### Task description
All lines in the records below that hold "Hintergrund" are to be shown.

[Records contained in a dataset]
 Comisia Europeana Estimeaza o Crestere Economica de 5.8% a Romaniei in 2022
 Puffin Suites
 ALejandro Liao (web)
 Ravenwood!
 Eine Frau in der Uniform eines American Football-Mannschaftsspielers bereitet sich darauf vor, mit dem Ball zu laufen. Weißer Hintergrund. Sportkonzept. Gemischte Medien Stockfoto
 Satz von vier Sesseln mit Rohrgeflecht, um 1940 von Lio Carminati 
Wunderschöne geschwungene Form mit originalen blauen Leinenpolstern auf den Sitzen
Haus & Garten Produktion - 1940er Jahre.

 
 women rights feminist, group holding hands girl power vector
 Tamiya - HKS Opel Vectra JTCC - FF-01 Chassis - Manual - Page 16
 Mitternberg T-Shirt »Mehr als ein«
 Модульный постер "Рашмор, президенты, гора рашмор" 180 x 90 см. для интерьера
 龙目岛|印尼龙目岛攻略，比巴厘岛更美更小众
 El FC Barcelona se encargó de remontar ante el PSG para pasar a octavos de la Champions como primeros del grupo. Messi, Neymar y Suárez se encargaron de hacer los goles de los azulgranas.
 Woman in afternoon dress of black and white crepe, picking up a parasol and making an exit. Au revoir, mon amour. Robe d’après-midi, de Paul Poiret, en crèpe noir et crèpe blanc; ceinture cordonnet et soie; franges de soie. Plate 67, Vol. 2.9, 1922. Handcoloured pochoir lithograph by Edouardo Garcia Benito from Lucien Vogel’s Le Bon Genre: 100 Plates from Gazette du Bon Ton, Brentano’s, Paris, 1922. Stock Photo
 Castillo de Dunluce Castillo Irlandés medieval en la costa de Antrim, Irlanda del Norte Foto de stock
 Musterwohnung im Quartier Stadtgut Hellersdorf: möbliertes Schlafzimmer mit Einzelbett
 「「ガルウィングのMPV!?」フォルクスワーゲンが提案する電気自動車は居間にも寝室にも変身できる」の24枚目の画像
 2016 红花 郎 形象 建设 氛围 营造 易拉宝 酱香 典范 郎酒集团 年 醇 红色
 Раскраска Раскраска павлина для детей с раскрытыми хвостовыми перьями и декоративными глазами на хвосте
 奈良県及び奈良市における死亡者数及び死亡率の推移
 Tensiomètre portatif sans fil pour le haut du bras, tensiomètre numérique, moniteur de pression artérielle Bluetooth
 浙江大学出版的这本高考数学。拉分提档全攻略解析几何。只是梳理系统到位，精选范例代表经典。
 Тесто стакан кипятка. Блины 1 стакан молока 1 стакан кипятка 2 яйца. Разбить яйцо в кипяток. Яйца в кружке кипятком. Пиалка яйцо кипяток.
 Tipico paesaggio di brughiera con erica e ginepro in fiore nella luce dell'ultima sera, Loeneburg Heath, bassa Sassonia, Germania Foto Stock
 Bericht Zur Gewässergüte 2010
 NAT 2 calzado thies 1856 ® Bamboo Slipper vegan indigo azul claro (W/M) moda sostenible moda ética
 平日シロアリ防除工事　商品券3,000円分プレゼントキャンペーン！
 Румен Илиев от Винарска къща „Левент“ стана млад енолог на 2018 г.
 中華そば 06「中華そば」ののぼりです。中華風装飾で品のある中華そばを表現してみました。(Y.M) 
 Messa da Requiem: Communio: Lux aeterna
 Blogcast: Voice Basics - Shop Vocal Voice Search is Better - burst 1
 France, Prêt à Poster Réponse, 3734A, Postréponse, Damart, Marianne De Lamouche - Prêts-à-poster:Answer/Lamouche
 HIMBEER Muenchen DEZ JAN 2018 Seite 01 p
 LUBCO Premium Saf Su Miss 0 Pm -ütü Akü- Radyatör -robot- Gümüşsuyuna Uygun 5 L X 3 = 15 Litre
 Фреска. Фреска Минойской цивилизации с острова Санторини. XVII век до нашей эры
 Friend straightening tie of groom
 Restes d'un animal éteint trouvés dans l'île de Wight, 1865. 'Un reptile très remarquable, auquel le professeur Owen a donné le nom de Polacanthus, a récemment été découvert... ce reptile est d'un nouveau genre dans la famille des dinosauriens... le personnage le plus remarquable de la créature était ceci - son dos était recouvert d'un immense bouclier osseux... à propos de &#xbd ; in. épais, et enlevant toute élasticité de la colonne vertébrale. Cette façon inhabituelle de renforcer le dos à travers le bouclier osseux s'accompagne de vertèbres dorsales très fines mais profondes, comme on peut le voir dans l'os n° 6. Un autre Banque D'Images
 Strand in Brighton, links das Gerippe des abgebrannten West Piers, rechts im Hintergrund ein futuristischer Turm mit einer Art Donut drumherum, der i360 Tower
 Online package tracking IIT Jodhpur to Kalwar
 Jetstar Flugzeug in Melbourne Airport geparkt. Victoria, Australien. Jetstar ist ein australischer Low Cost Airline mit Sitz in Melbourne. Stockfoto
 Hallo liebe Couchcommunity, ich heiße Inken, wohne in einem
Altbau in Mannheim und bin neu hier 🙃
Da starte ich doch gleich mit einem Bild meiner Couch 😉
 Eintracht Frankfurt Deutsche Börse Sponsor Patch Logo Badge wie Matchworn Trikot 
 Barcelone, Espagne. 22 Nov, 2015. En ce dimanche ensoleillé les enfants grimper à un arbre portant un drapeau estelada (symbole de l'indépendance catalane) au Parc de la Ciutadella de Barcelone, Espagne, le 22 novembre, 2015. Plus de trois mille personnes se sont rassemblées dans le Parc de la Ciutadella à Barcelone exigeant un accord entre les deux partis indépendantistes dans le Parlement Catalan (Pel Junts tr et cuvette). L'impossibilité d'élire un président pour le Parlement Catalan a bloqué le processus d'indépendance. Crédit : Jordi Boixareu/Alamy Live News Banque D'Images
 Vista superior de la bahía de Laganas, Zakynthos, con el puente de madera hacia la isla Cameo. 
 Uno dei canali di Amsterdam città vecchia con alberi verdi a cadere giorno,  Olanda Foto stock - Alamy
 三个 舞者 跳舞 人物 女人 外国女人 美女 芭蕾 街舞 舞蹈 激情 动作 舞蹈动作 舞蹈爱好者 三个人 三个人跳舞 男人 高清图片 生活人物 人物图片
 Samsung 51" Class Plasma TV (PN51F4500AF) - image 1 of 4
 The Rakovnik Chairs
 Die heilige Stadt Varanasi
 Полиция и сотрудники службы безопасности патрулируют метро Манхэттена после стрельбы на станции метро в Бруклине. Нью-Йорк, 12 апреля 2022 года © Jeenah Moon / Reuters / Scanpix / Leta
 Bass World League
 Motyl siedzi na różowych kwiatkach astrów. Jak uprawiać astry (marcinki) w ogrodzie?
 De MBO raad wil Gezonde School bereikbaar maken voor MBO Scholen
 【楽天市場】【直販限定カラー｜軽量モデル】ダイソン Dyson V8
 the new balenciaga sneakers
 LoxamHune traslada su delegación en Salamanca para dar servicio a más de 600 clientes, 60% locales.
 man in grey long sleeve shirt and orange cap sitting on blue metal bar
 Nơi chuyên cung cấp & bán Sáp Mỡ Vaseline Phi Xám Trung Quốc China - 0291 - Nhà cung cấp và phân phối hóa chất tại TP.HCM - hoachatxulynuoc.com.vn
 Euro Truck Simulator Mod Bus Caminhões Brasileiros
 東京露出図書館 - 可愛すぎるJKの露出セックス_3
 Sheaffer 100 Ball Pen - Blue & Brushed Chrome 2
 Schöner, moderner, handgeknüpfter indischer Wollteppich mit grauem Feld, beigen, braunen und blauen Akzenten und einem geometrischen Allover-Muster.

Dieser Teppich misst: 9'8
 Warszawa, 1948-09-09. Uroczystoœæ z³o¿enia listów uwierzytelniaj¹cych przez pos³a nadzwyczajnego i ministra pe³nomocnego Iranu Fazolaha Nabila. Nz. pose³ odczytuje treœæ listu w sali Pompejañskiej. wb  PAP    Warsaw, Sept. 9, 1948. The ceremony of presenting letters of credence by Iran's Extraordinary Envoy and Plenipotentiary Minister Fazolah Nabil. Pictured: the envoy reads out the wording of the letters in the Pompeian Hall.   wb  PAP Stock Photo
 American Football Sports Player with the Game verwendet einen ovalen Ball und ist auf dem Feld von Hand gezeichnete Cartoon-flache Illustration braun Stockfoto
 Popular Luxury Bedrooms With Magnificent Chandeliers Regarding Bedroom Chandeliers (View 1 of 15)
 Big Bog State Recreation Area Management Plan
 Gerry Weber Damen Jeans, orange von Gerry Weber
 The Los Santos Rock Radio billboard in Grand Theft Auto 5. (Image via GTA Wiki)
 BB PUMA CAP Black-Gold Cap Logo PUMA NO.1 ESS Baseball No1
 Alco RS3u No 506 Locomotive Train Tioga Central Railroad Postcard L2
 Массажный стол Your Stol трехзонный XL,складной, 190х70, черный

### Result below
 Eine Frau in der Uniform eines American Football-Mannschaftsspielers bereitet sich darauf vor, mit dem Ball zu laufen. Weißer Hintergrund. Sportkonzept. Gemischte Medien Stockfoto
 Strand in Brighton, links das Gerippe des abgebrannten West Piers, rechts im Hintergrund ein futuristischer Turm mit einer Art Donut drumherum, der i360 Tower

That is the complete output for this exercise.